_PROBLEM TO WORK ON_: Using the listing below, set down each line from the line containing "Volatile Oil Composition" through the line containing "Tab II Antique", both ends included, exactly and with nothing added.

_DATA IN THIS EXERCISE_:
★ ★ ★ ★ ★ ★ ★

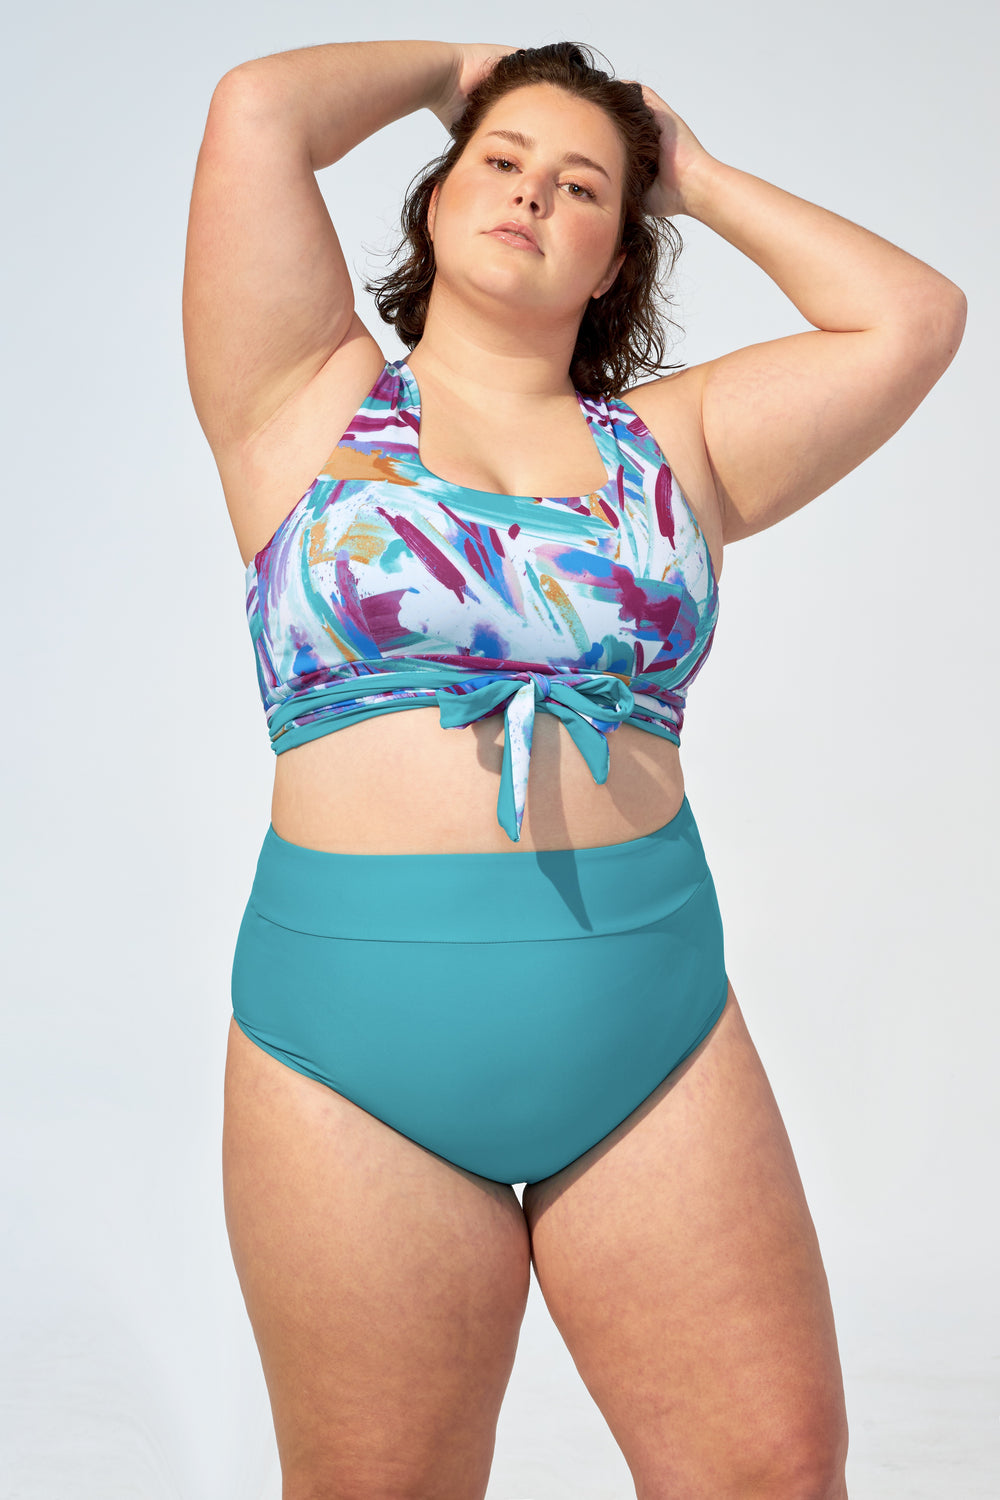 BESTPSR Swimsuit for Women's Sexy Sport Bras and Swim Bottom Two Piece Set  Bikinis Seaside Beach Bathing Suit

★ ★ ★ ★ ★ ★ ★

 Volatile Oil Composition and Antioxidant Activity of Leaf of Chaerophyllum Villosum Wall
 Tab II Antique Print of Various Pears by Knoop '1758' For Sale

★ ★ ★ ★ ★ ★ ★

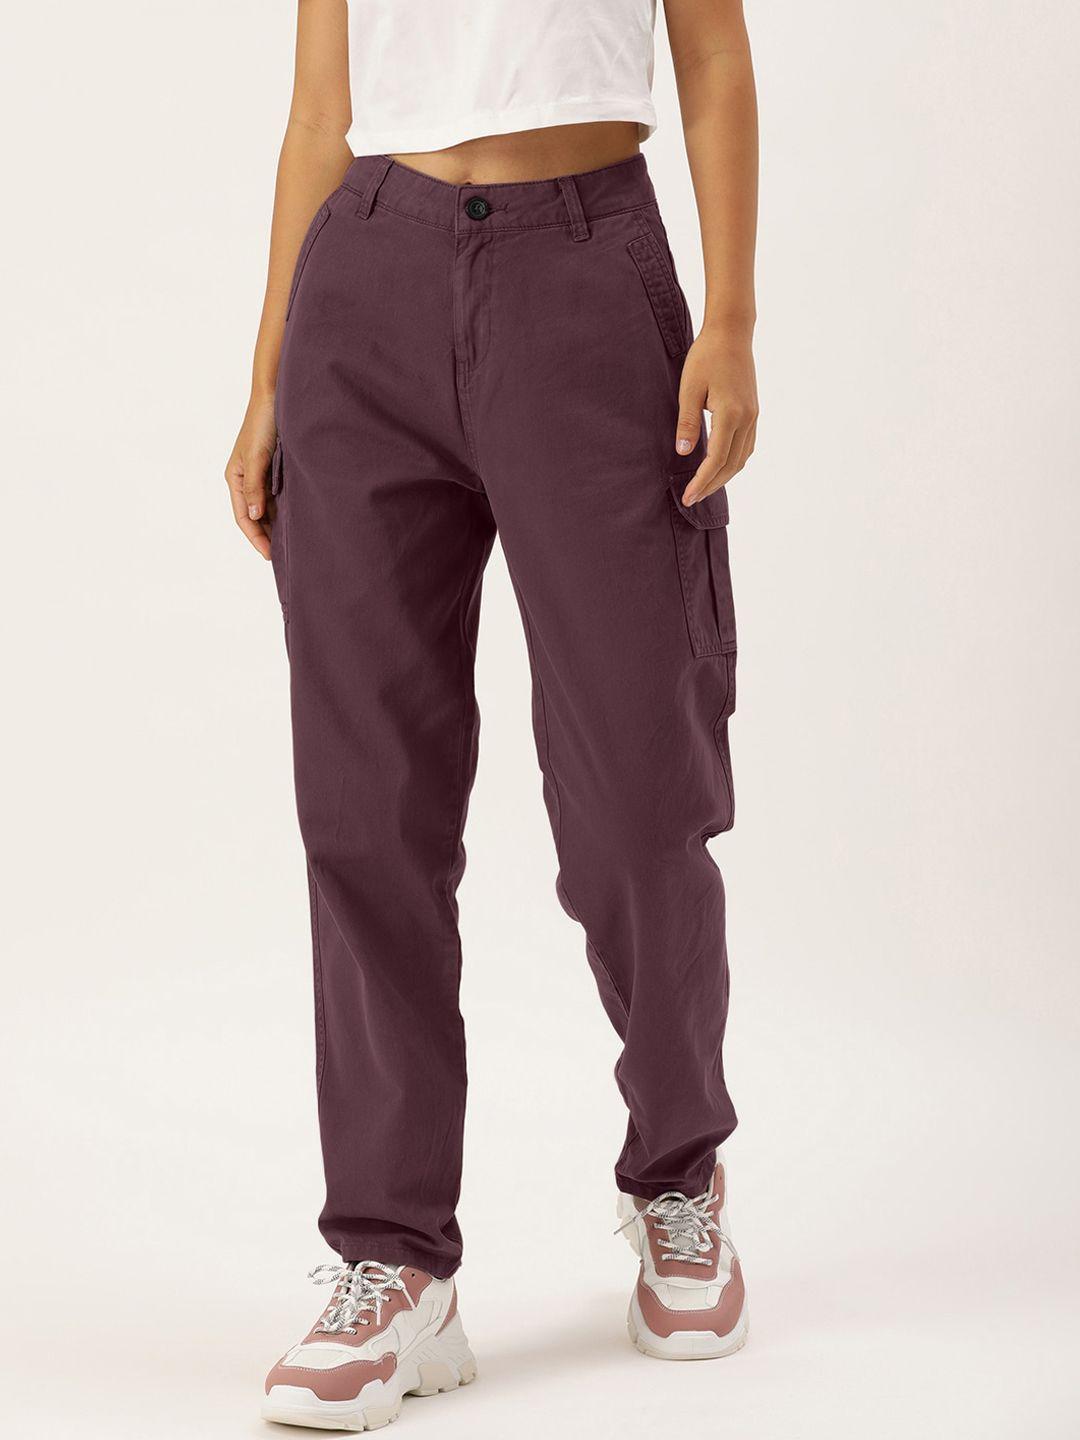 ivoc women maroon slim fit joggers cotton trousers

★ ★ ★ ★ ★ ★ ★

_REPLY TO THE EXERCISE_:
 Volatile Oil Composition and Antioxidant Activity of Leaf of Chaerophyllum Villosum Wall
 Tab II Antique Print of Various Pears by Knoop '1758' For Sale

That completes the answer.